Aber auch wenn sich die Zeiten und die Mittel geändert haben, seit Manson durch seine Zombiekontaktlinsen auf die Welt schaute, war die Hoffnung dahinter schon damals dieselbe, mit der sich jetzt der Pop die rosa Brille aufsetzt. Wer in den neunziger Jahren zu den Schockrockern fand, suchte auch damals keine politische Analyse, sondern ein Gefühl der Zugehörigkeit und das Versprechen, dass es jenseits von Kleinstädten, Highschools und christlich geprägten Gemeinden noch mehr geben könnte. Die allermeisten Menschen, die ein Exemplar von «Antichrist Superstar» oder «The Golden Age of Grotesque» besassen, wurden schliesslich keine Massenmörder, sondern reflektierte Erwachsene, die vielleicht sogar schon früher als andere gelernt hatten, wie es ist, sich über körperliche Regeln hinwegzusetzen.

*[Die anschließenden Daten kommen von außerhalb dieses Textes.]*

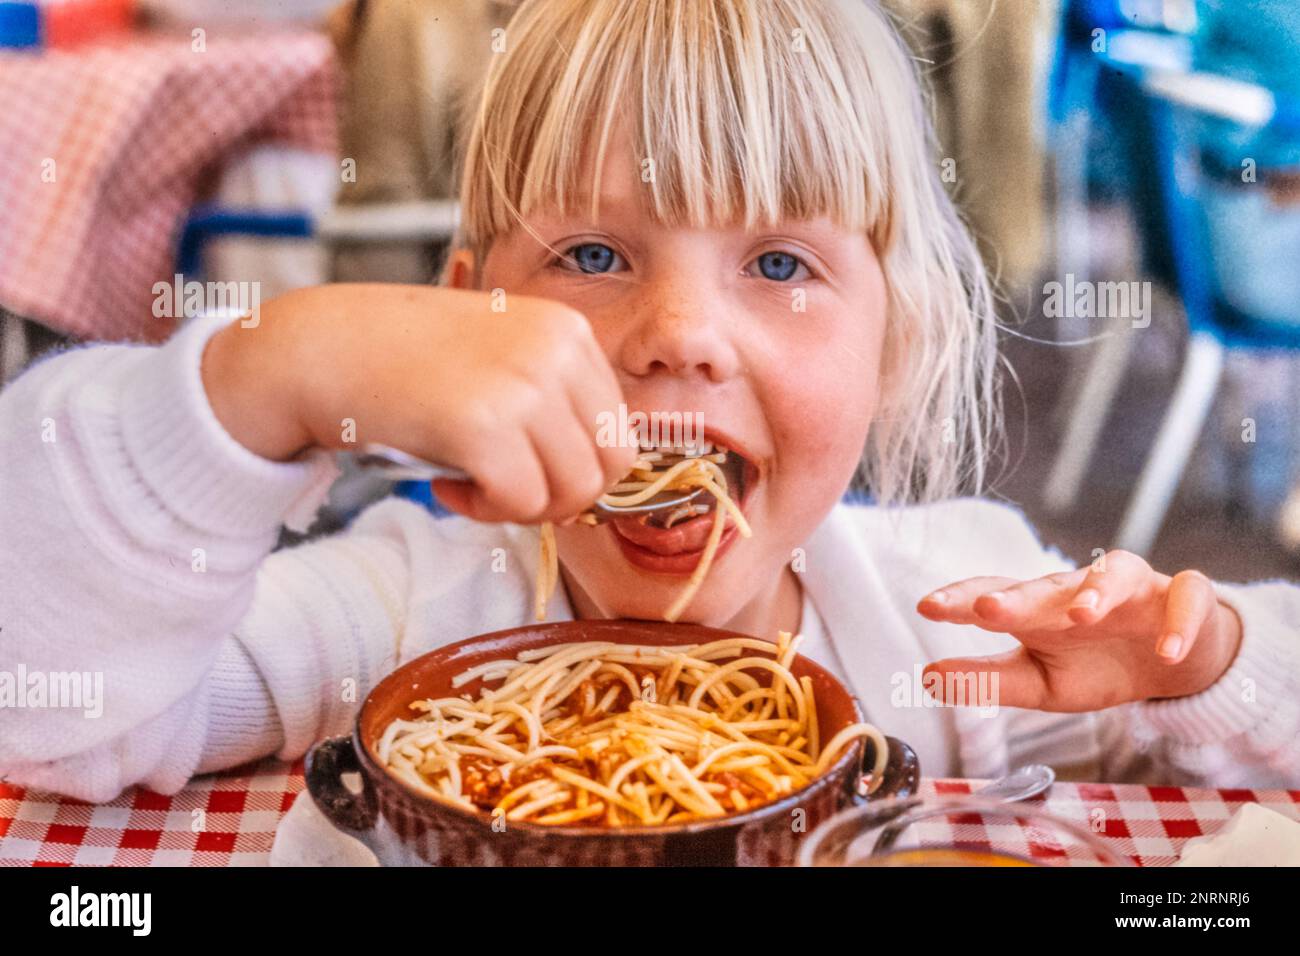 Child eating spaghetti bolognese, Daughter on holiday in an italian restaurant enjoying meal. Stock Photo

Oft kamen ihre Eltern gar nicht so weit, sich über Waffenschwenkereien und Satanstexte aufzuregen, weil sie schon viel zu sehr verstörte, was ihre Kinder sich optisch bei Manson abschauten: Da war ein Mann, der halb nackt und in Frauenunterwäsche posierte, sich das Gesicht anmalte und die Fingernägel lackierte – und seine Fans taten es ihm gleich, in der Hoffnung, sich damit in einer bizarren Welt selbst ein bisschen normaler zu fühlen. Ganz ähnlich wie die KünstlerInnen von heute also. Irgendwie schockt das noch immer.